While Antwan is introduced to the gay world of San Francisco, the white couple is introduced to his black world of Oakland. As the relationship develops, members of Antwan’s birth family, many of whom he has not seen or heard from in years, begin to emerge. It turns out that Antwan isn’t the only big queer in his family. One of his sisters is a baby dyke, and his troubled mother, who shows up when Antwan is thirteen, wears the strut of an old-school butch.
Outrageous, sad and very funny, Flight Instructions for the Commitment Impaired follows the couple as they attempt to build a relationship with Antwan and his world. As the three start to connect across an abyss of trauma and abuse, a relationship develops that challenges each of their notions of race, family and commitment.
Note about pronouns: Antwan has asked that we use male pronouns when referring to the time before she transitioned at the age of seventeen.
In 2007, at the age of sixty, Betsy Warland finds herself single and without a sense of family. On an impulse, she decides to travel to London to celebrate her birthday, where she experiences an odd compulsion to see an exhibit on the invention of military camouflage. Within the first five minutes of her visit, her lifelong feeling of being aberrant reveals its source: she had never learned the art of camouflage.
This marked the beginning of Oscar of Between: A Memoir of Identity and Ideas. Taking the name Oscar, she embarks on an intimate, nine-year quest by telling her story as “a person of between.” As Oscar, she is able to make sense of her self and the culture that shaped her. She traces this experience of in-betweenness from her childhood in the rural Midwest, through to her first queer kiss in 1978, divorce, coming out, writing life. In 1984, she and her lover wrote lesbian erotic love poetry collections in dialogue with one another, the first and only tandem collections on this subject in English Canada. After the two split, she experienced years of unacknowledged exclusion from a community in which she thought she belonged.

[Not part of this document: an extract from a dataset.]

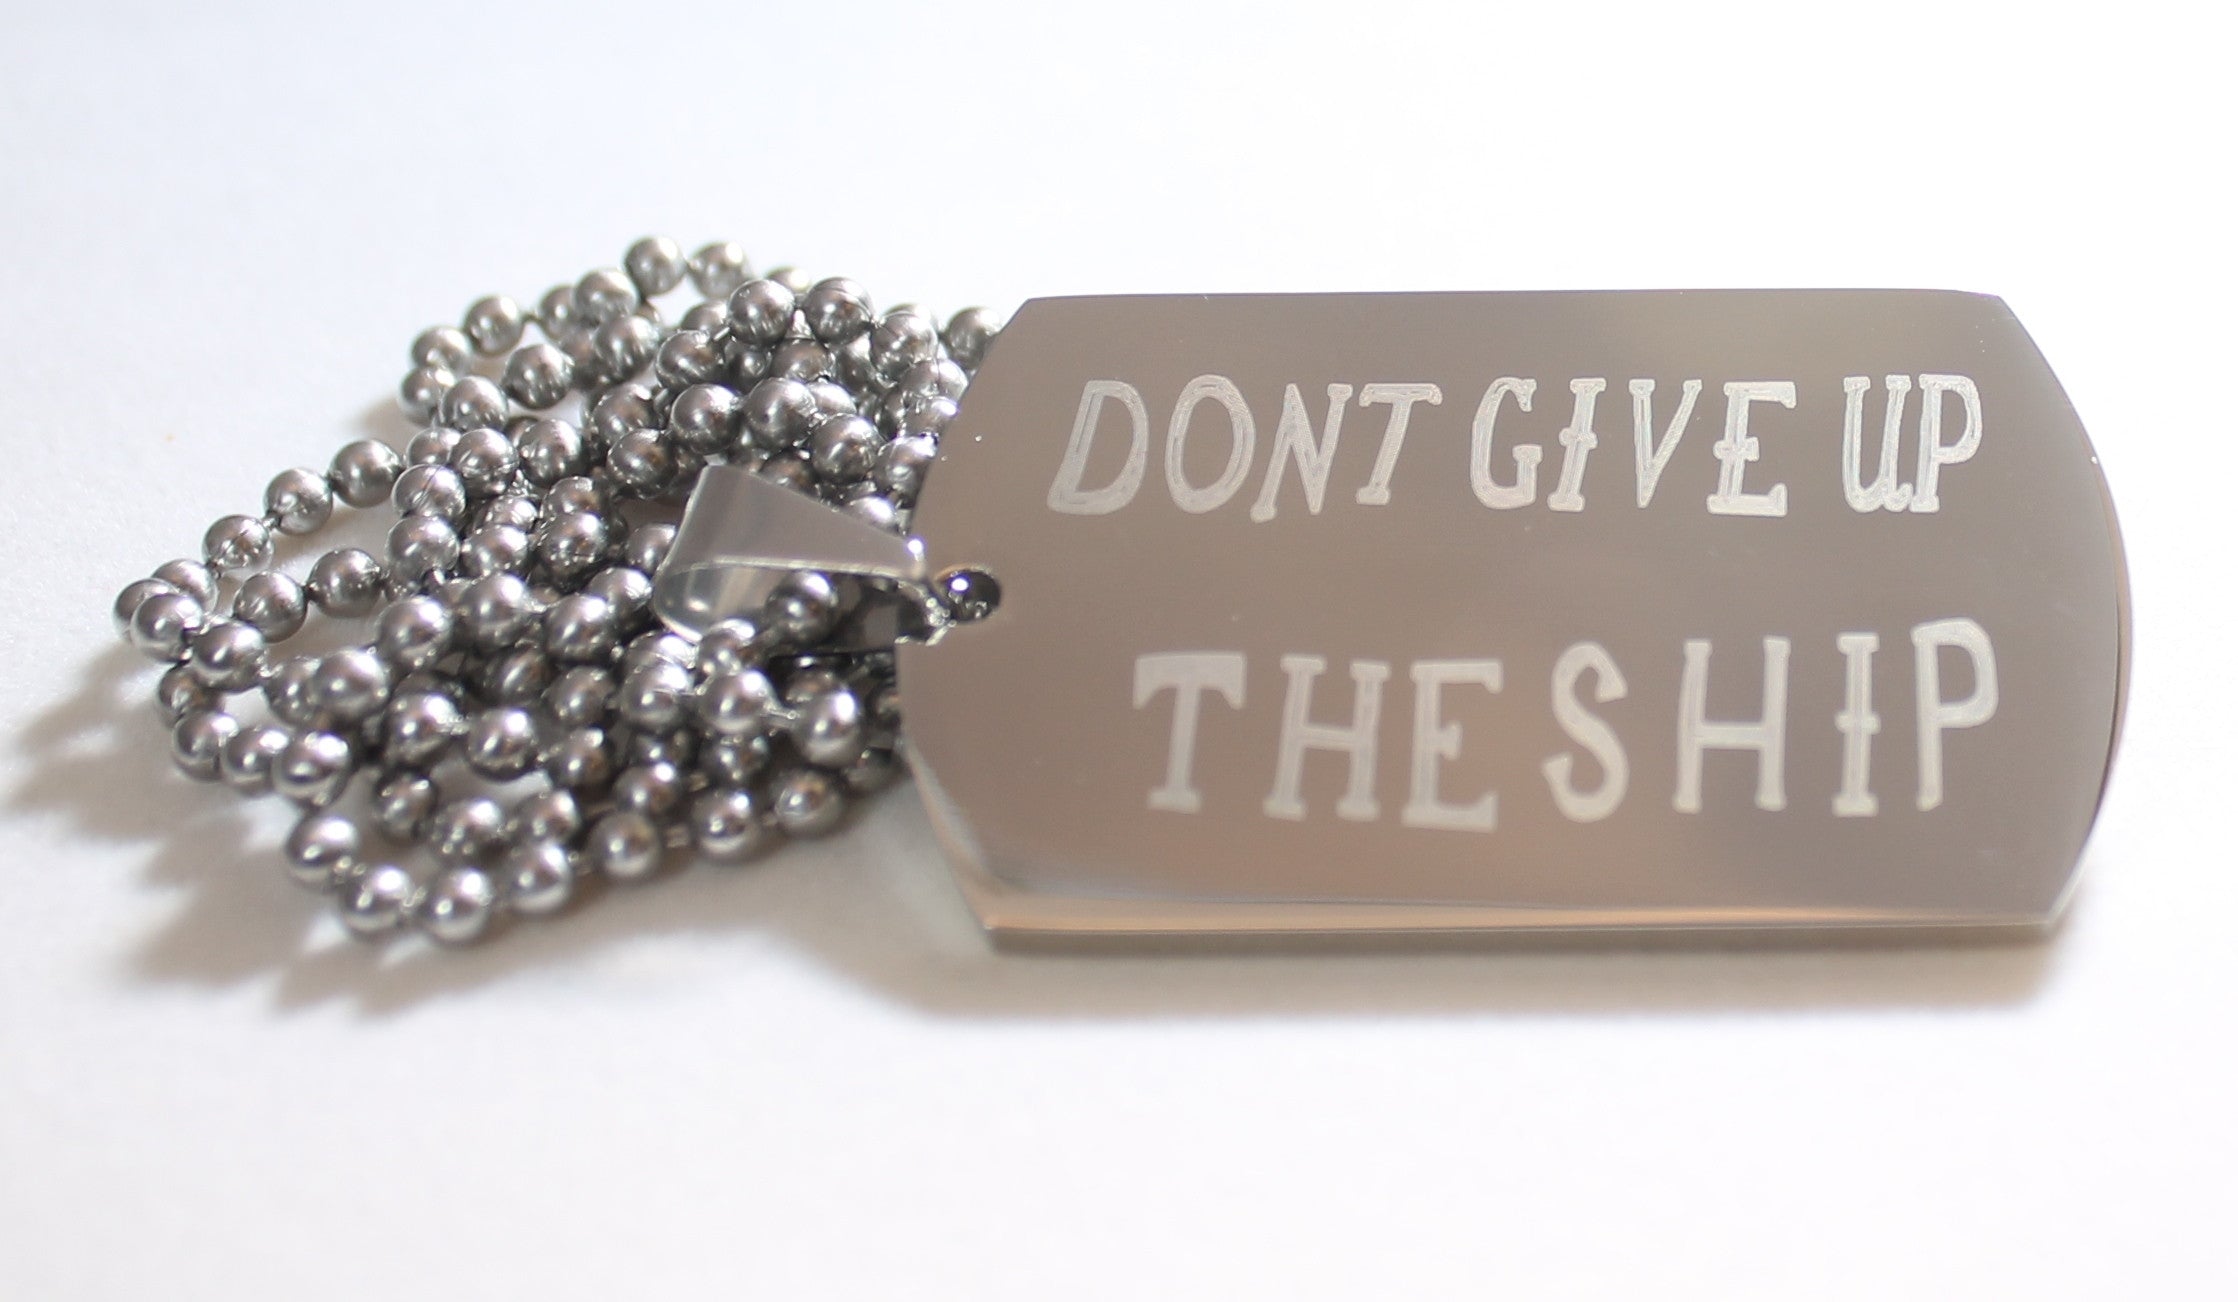 DONT GIVE UP THE SHIP NAVY MILITARY MOTIVATIONAL THICK STAINLESS STEEL DOG TAG - Samstagsandmore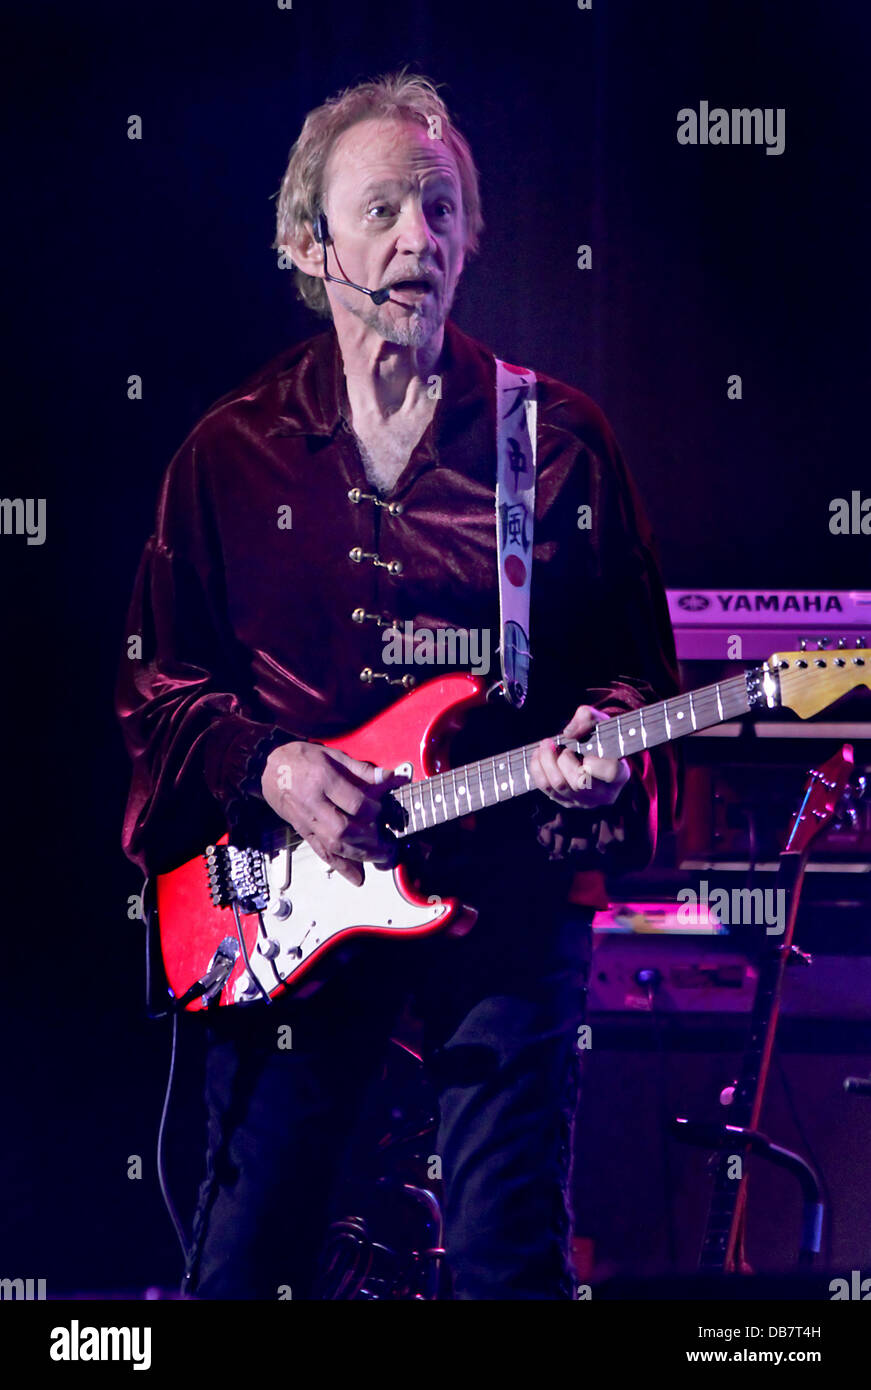 Peter Tork The Monkees performing at Manchester O2 Apollo Theatre  Manchester, England - 14.05.11 Stock Photo

In the process of writing Oscar’s story, Warland considers our culture’s rigid, even violent demarcations as she becomes at ease with never knowing what gender she will be addressed as: “In Oscar’s daily life, when encountering someone, it goes like this: some address her as a male; some address her as a female; some begin with one and then switch (sometimes apologetically) to the other; some identify Oscar as lesbian and their faces harden, or open into a momentary glance of arousal; some know they don’t know and openly scrutinize; some decide female but stare perplexedly at her now-sans-breast chest; some are bemused by or drawn to or relate to her androgyny; and for some none of this matters.”
A contemporary Orlando, Oscar of Between extends beyond the author’s personal narrative, pushing the boundaries of form, and by doing so, invents new ways to see ourselves.